An attribution model defines how credit for a conversion is shared among the marketing touchpoints a customer interacted with before converting.

What is an attribution model?

Customers rarely convert after a single interaction. A B2B buyer might first see a LinkedIn ad, later find a blog post through search, return via a Google Ads click and finally fill in a form after typing in the URL. An attribution model defines how the credit for that conversion is shared among these touchpoints.

Common models:

  • Last click: all credit goes to the final click. Simple, but it undervalues channels that create demand early on.
  • First click: all credit goes to the first interaction.
  • Rule-based models such as linear, time decay or position-based split credit according to fixed rules.
  • Data-driven attribution: credit is assigned with machine learning, based on how touchpoints actually contribute to conversions in your account.
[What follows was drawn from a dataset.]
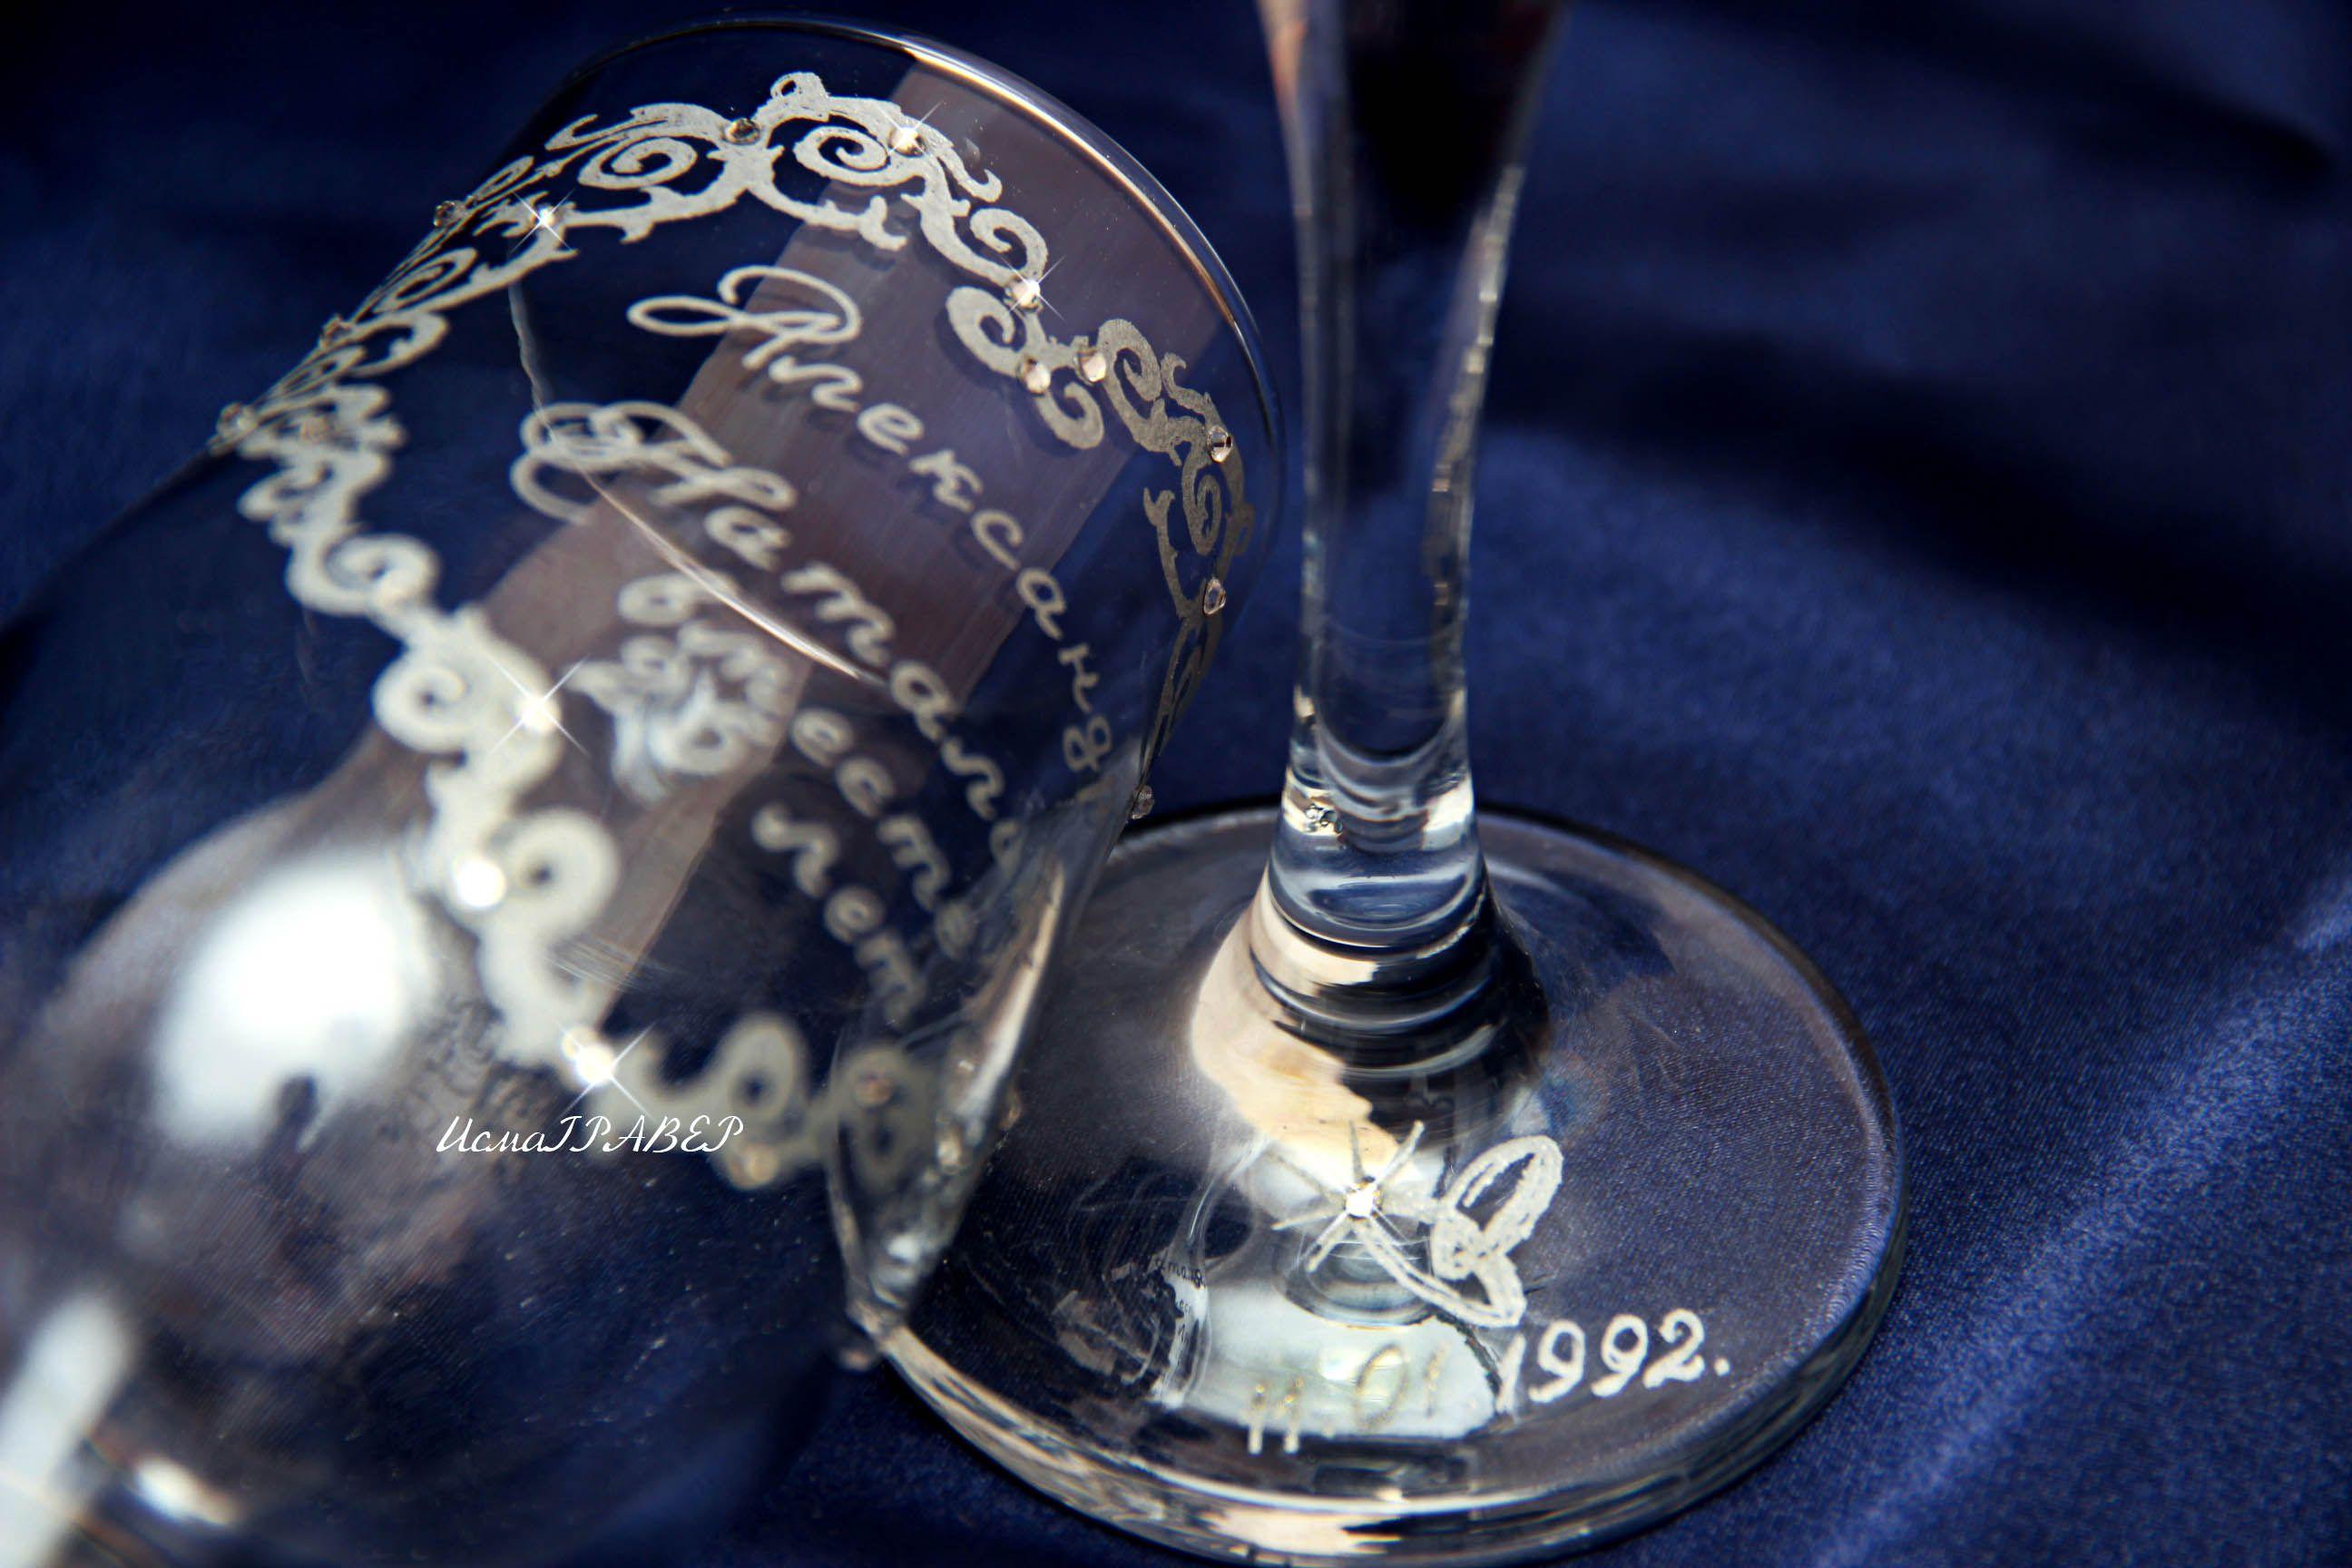 ручнаягравировка ювелирнаяработа годовщинасвадьбы серебрянаясвадьба подарокродителям handmade подарки молодожены бокалы гравировка гравировканастекле именныебокалы годовщина свадьба ручнаяработа исмагравер амелия гравировкапостеклу подарок
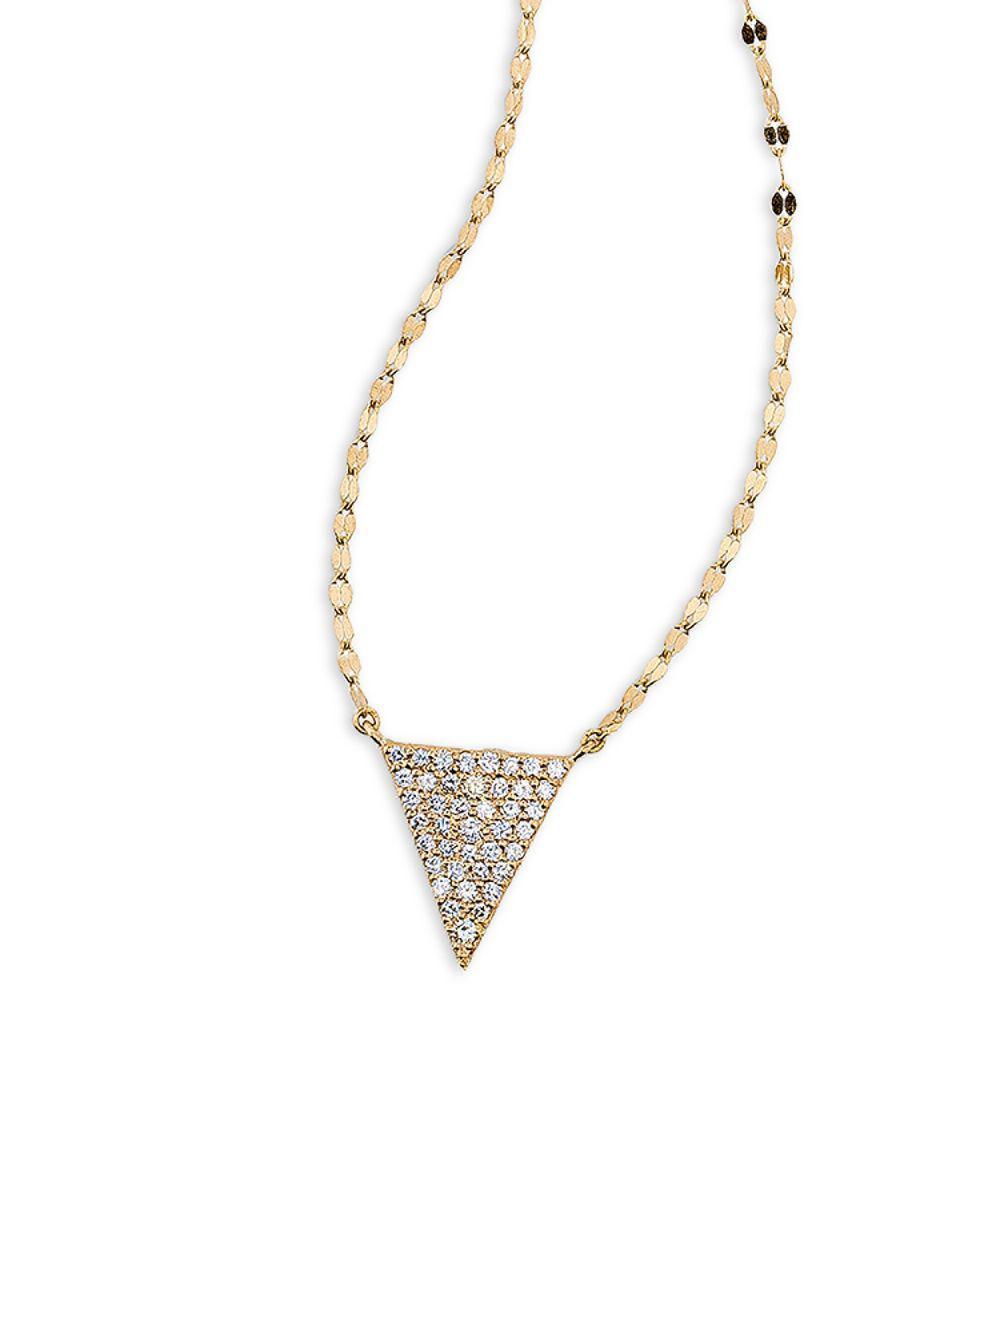 Lana Jewelry Flawless 14K Marquis Mini Diamond Lariat Necklace GZDKRX

In Google Analytics 4 and Google Ads, data-driven attribution is now the default, and Google has retired most rule-based models; last click remains available for comparison.

Attribution has clear limits: it only sees tracked, consented interactions (Consent Mode), struggles with cross-device journeys and offline touchpoints such as sales calls or trade fairs, and each platform tends to claim credit for itself. That is why many companies complement it with CRM data, incrementality tests or marketing mix modelling.

For international reporting, compare markets with the same model and settings: journey lengths and channel roles often differ by country, and inconsistent attribution leads to wrong budget decisions – for example cutting channels that drive awareness in a new market.